When a picture appears in the listing, leave it out and copy the rest exactly as it stands.

Exercise data »
______________________________

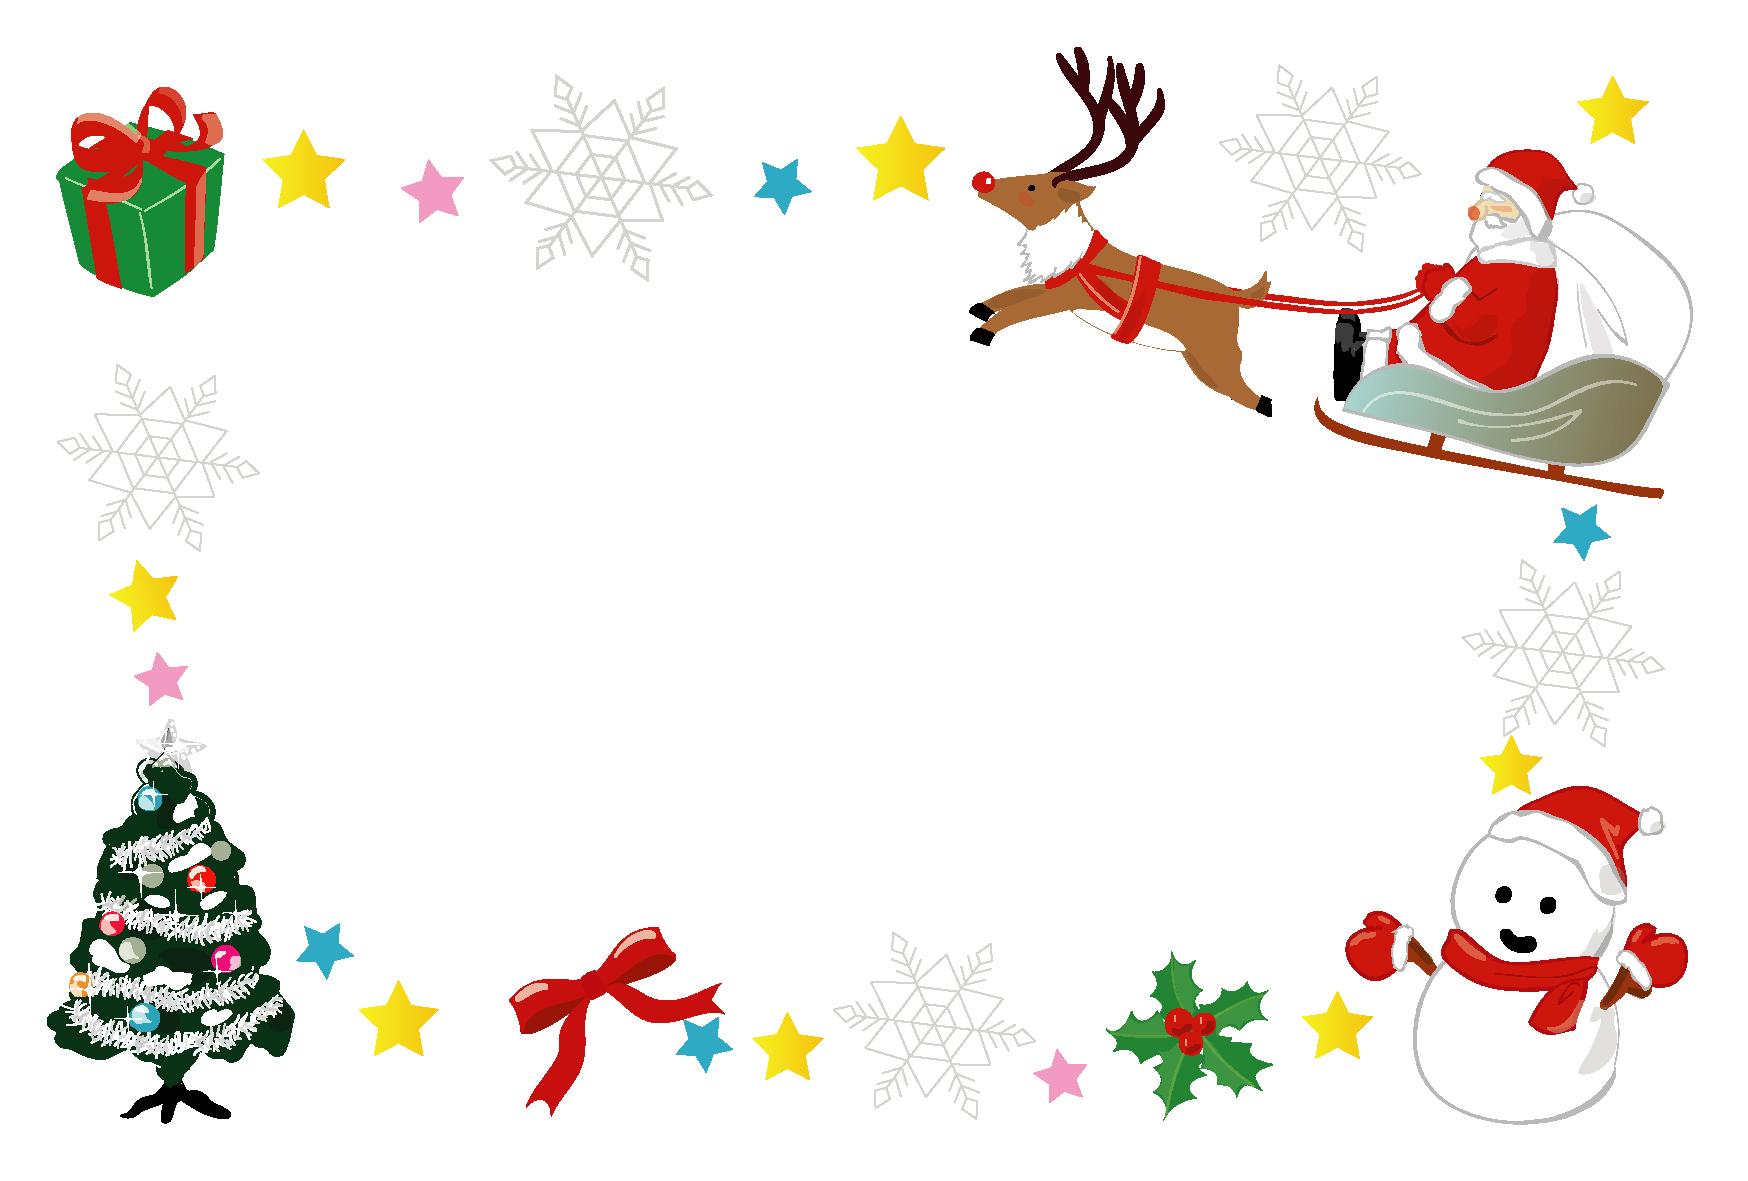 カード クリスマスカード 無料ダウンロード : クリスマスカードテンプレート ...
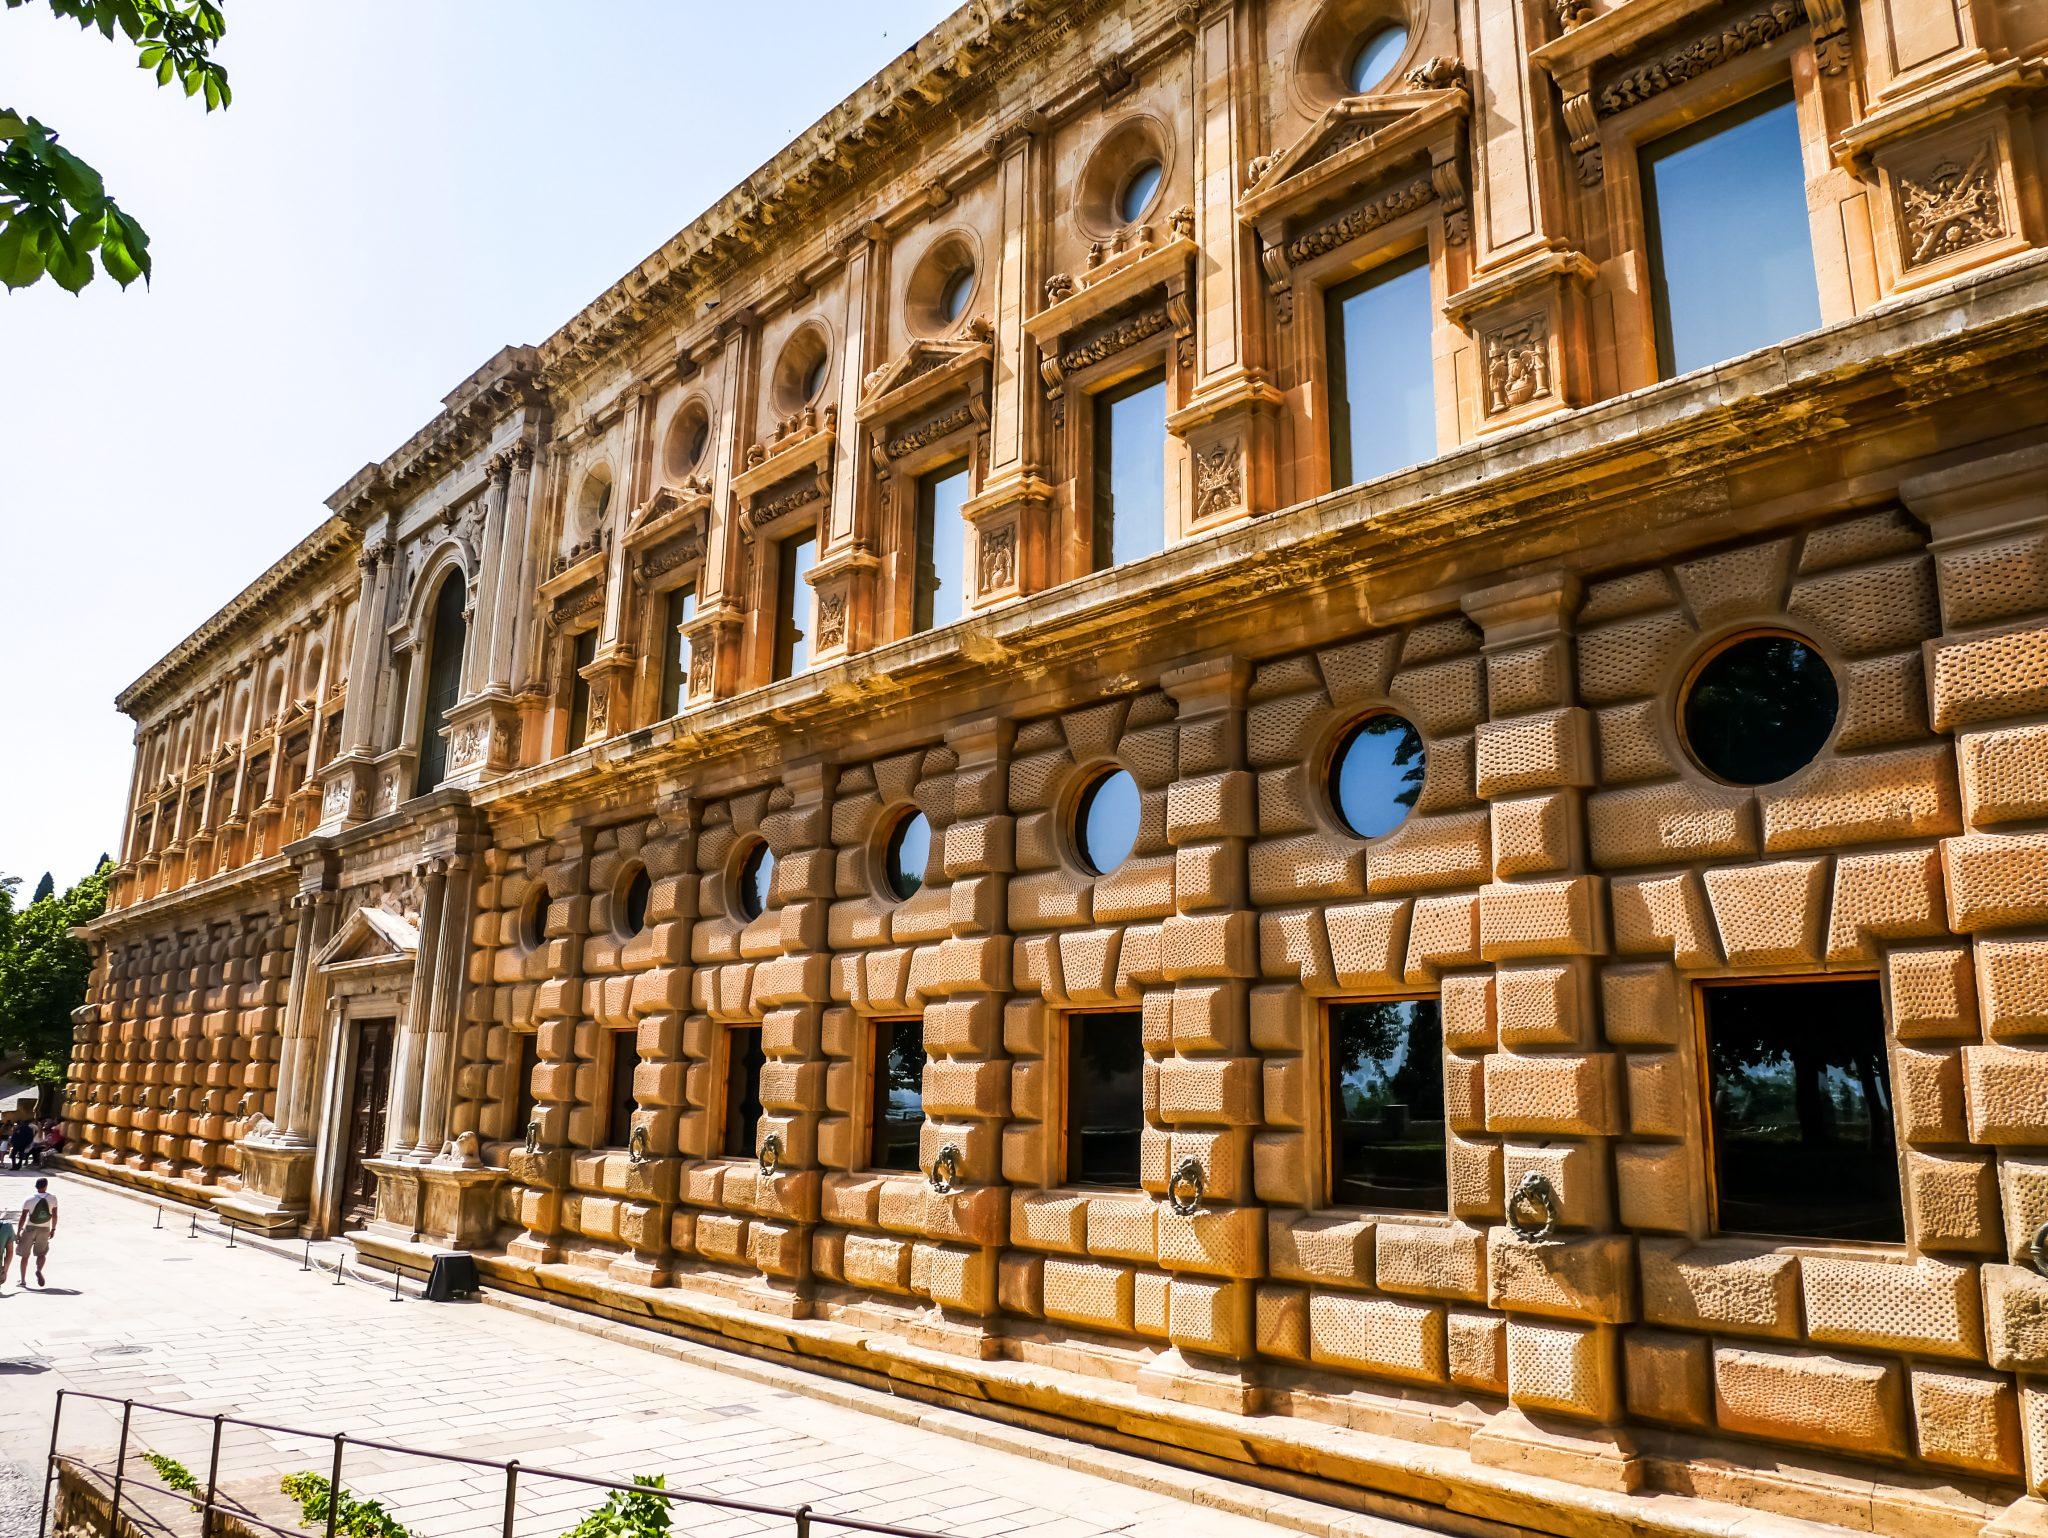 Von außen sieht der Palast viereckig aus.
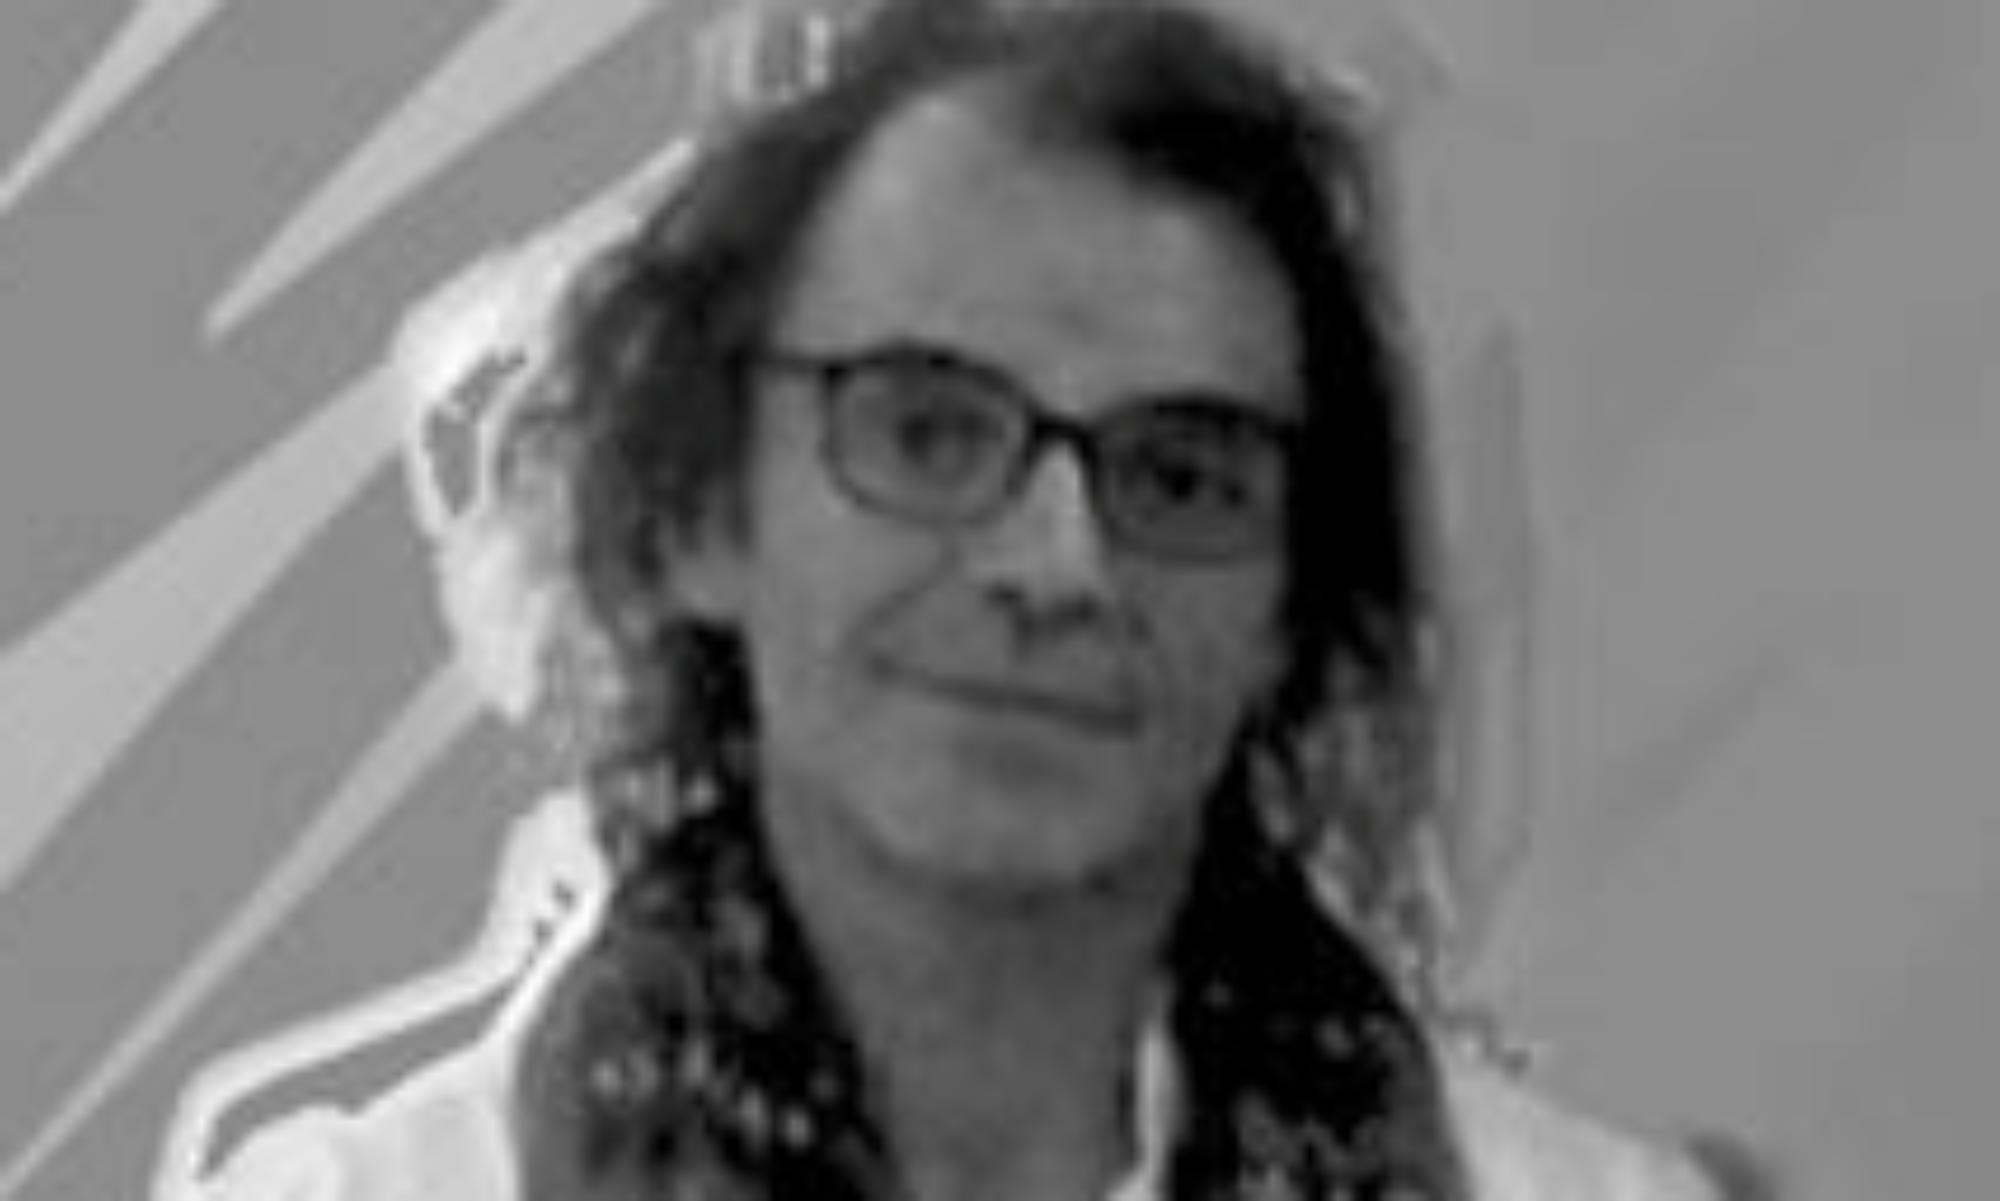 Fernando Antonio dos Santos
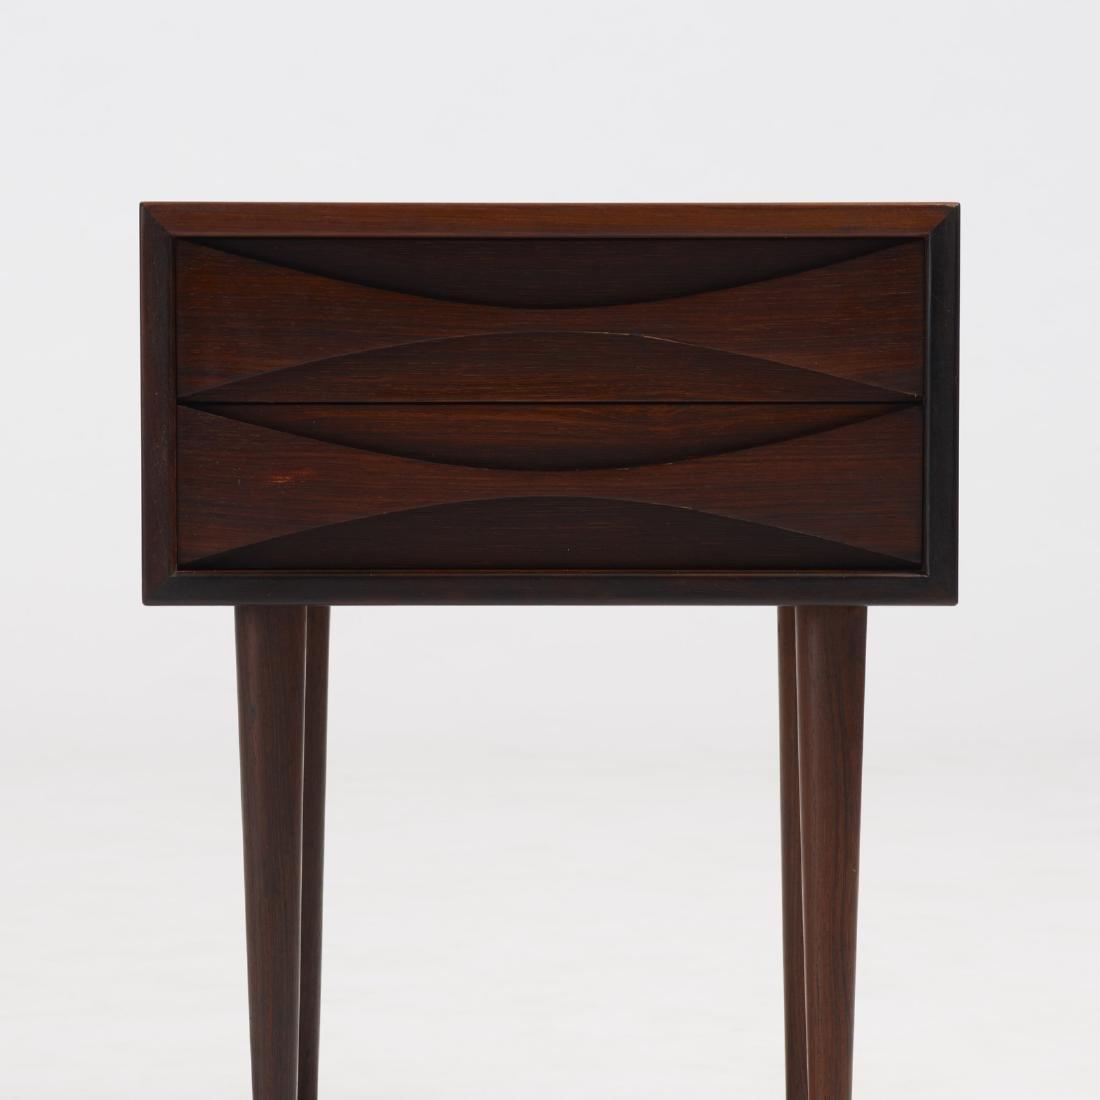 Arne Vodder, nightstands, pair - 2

______________________________

Worked solution »
 カード クリスマスカード 無料ダウンロード : クリスマスカードテンプレート ...
 Von außen sieht der Palast viereckig aus.
 Fernando Antonio dos Santos
 Arne Vodder, nightstands, pair - 2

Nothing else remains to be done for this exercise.